Tomohiro Yokota, Makiko Konoshima, Hirotaka Tamura et al.

We propose a quadratic unconstrained binary optimization (QUBO) formulation of the l1-norm, which enables us to perform sparse estimation of Ising-type annealing methods such as quantum annealing. The QUBO formulation is derived using the Legendre transformation and the Wolfe theorem, which have recently been employed to derive the QUBO formulations of ReLU-type functions. It is shown that a simple application of the derivation method to the l1-norm case results in a redundant variable. Finally a simplified QUBO formulation is obtained by removing the redundant variable.

Yui Noma, Makiko Konoshima

The similarity searches that use high-dimensional feature vectors consisting of a vast amount of data have a wide range of application. One way of conducting a fast similarity search is to transform the feature vectors into binary vectors and perform the similarity search by using the Hamming distance. Such a transformation is a hashing method, and the choice of hashing function is important. Hashing methods using hyperplanes or hyperspheres are proposed. One study reported here is inspired by Spherical LSH, and we use hypersperes to hash the feature vectors. Our method, called Eclipse-hashing, performs a compactification of R^n by using the inverse stereographic projection, which is a kind of Alexandrov compactification. By using Eclipse-hashing, one can obtain the hypersphere-hash function without explicitly using hyperspheres. Hence, the number of nonlinear operations is reduced and the processing time of hashing becomes shorter. Furthermore, we also show that as a result of improving the approximation accuracy, Eclipse-hashing is more accurate than hyperplane-hashing.
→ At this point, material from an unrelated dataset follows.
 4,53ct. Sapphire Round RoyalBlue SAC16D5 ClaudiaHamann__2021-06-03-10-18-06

Yui Noma, Makiko Konoshima

Since Hamming distances can be calculated by bitwise computations, they can be calculated with less computational load than L2 distances. Similarity searches can therefore be performed faster in Hamming distance space. The elements of Hamming distance space are bit strings. On the other hand, the arrangement of hyperplanes induce the transformation from the feature vectors into feature bit strings. This transformation method is a type of locality-sensitive hashing that has been attracting attention as a way of performing approximate similarity searches at high speed. Supervised learning of hyperplane arrangements allows us to obtain a method that transforms them into feature bit strings reflecting the information of labels applied to higher-dimensional feature vectors. In this p aper, we propose a supervised learning method for hyperplane arrangements in feature space that uses a Markov chain Monte Carlo (MCMC) method. We consider the probability density functions used during learning, and evaluate their performance. We also consider the sampling method for learning data pairs needed in learning, and we evaluate its performance. We confirm that the accuracy of this learning method when using a suitable probability density function and sampling method is greater than the accuracy of existing learning methods.
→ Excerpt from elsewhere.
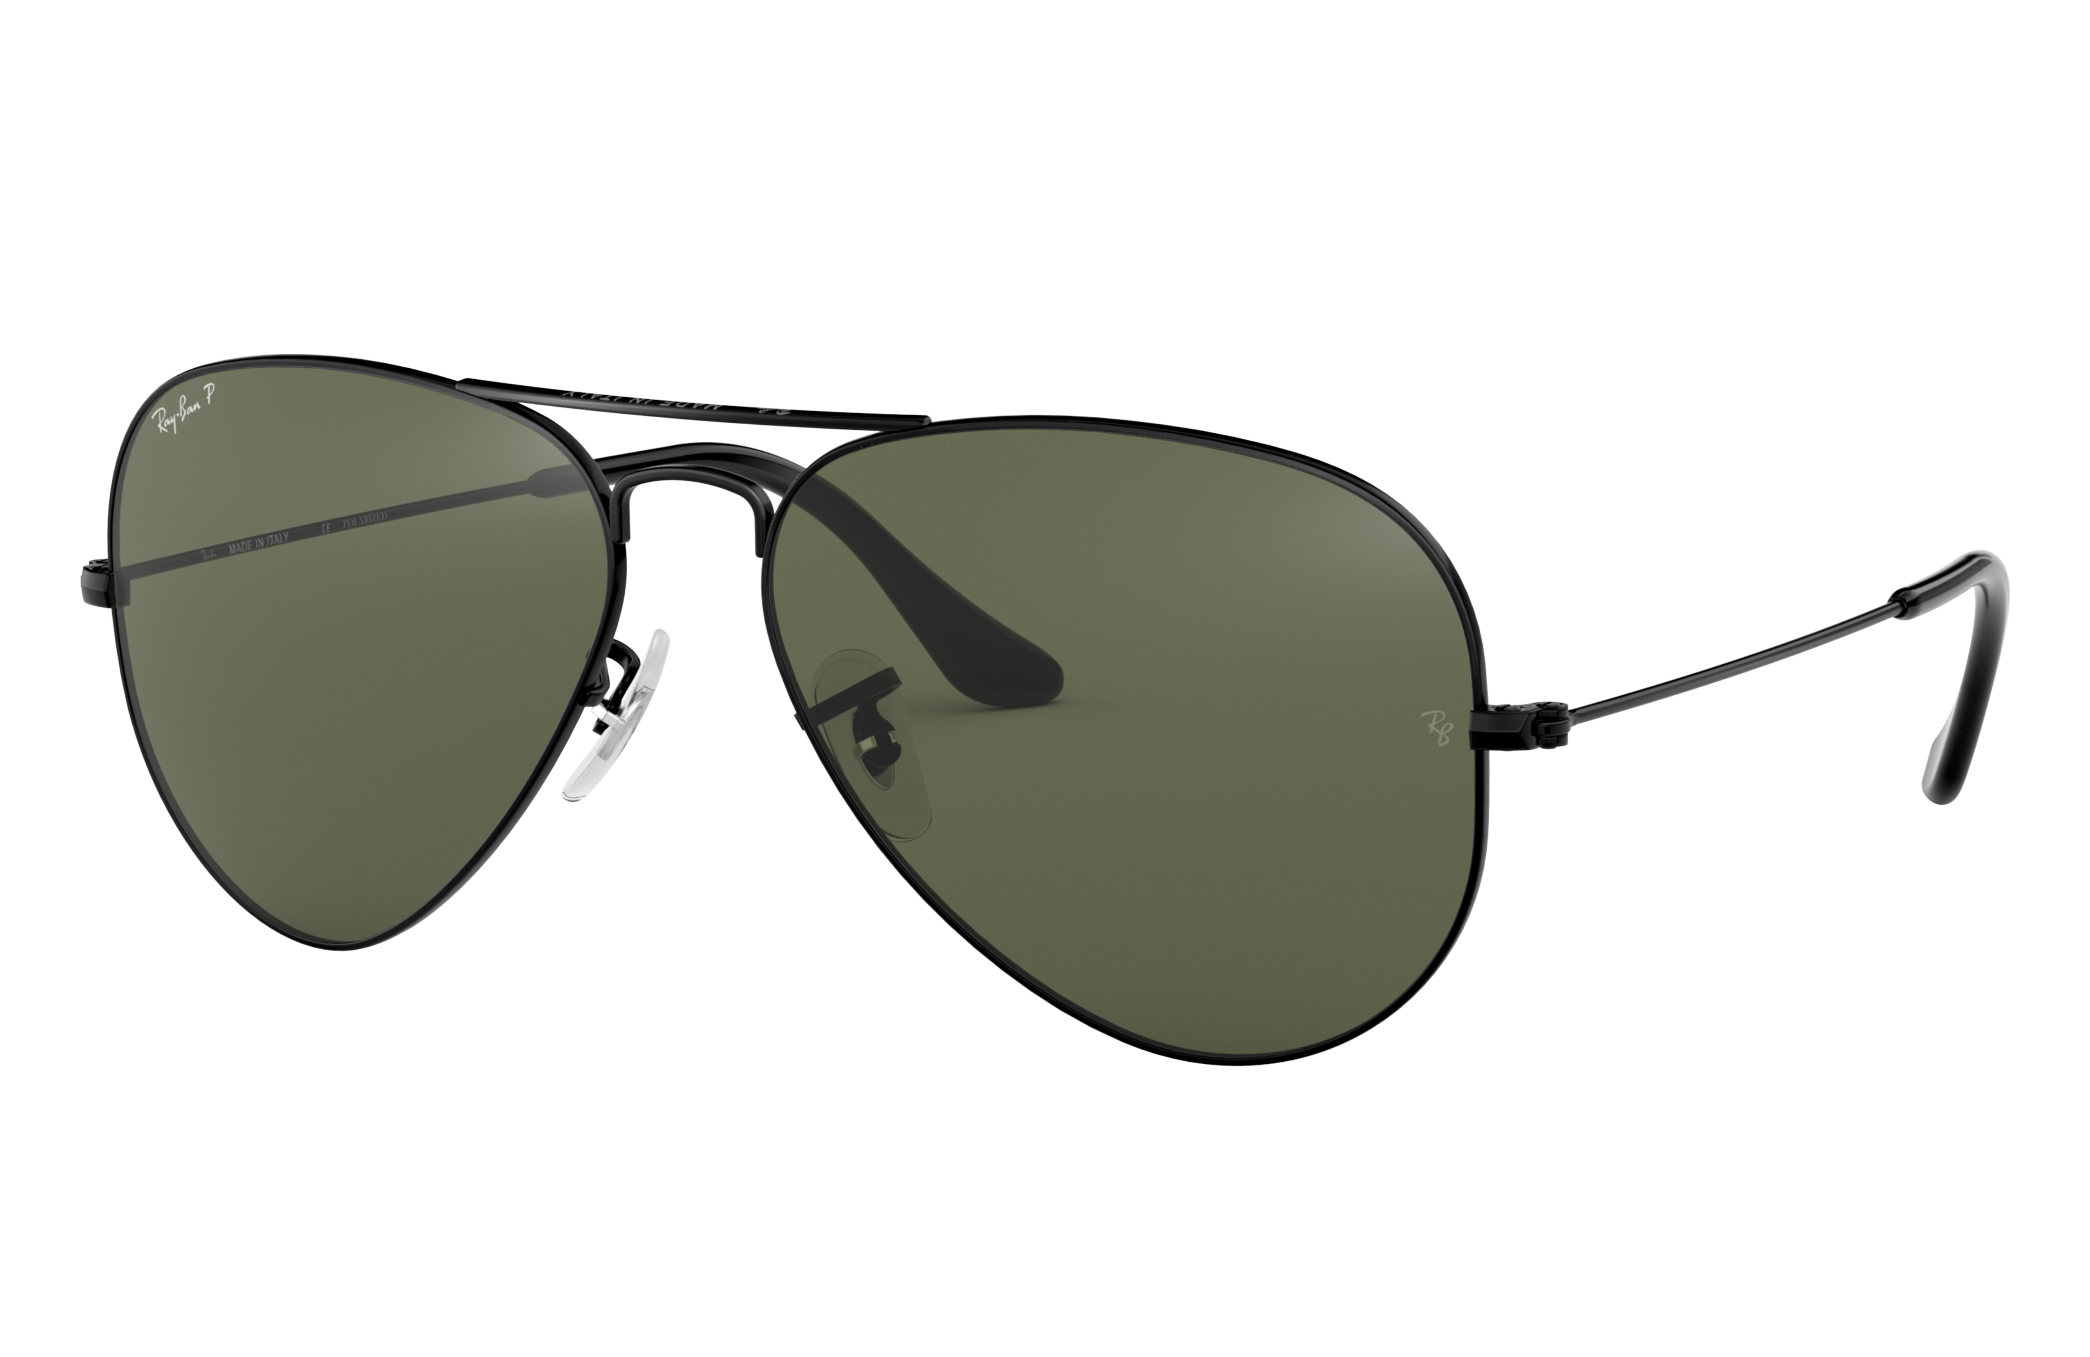 Ray-Ban Aviator Classic Black, Polarized Green Lenses - RB3025

Makiko Konoshima, Yui Noma

We propose a learning method with feature selection for Locality-Sensitive Hashing. Locality-Sensitive Hashing converts feature vectors into bit arrays. These bit arrays can be used to perform similarity searches and personal authentication. The proposed method uses bit arrays longer than those used in the end for similarity and other searches and by learning selects the bits that will be used. We demonstrated this method can effectively perform optimization for cases such as fingerprint images with a large number of labels and extremely few data that share the same labels, as well as verifying that it is also effective for natural images, handwritten digits, and speech features.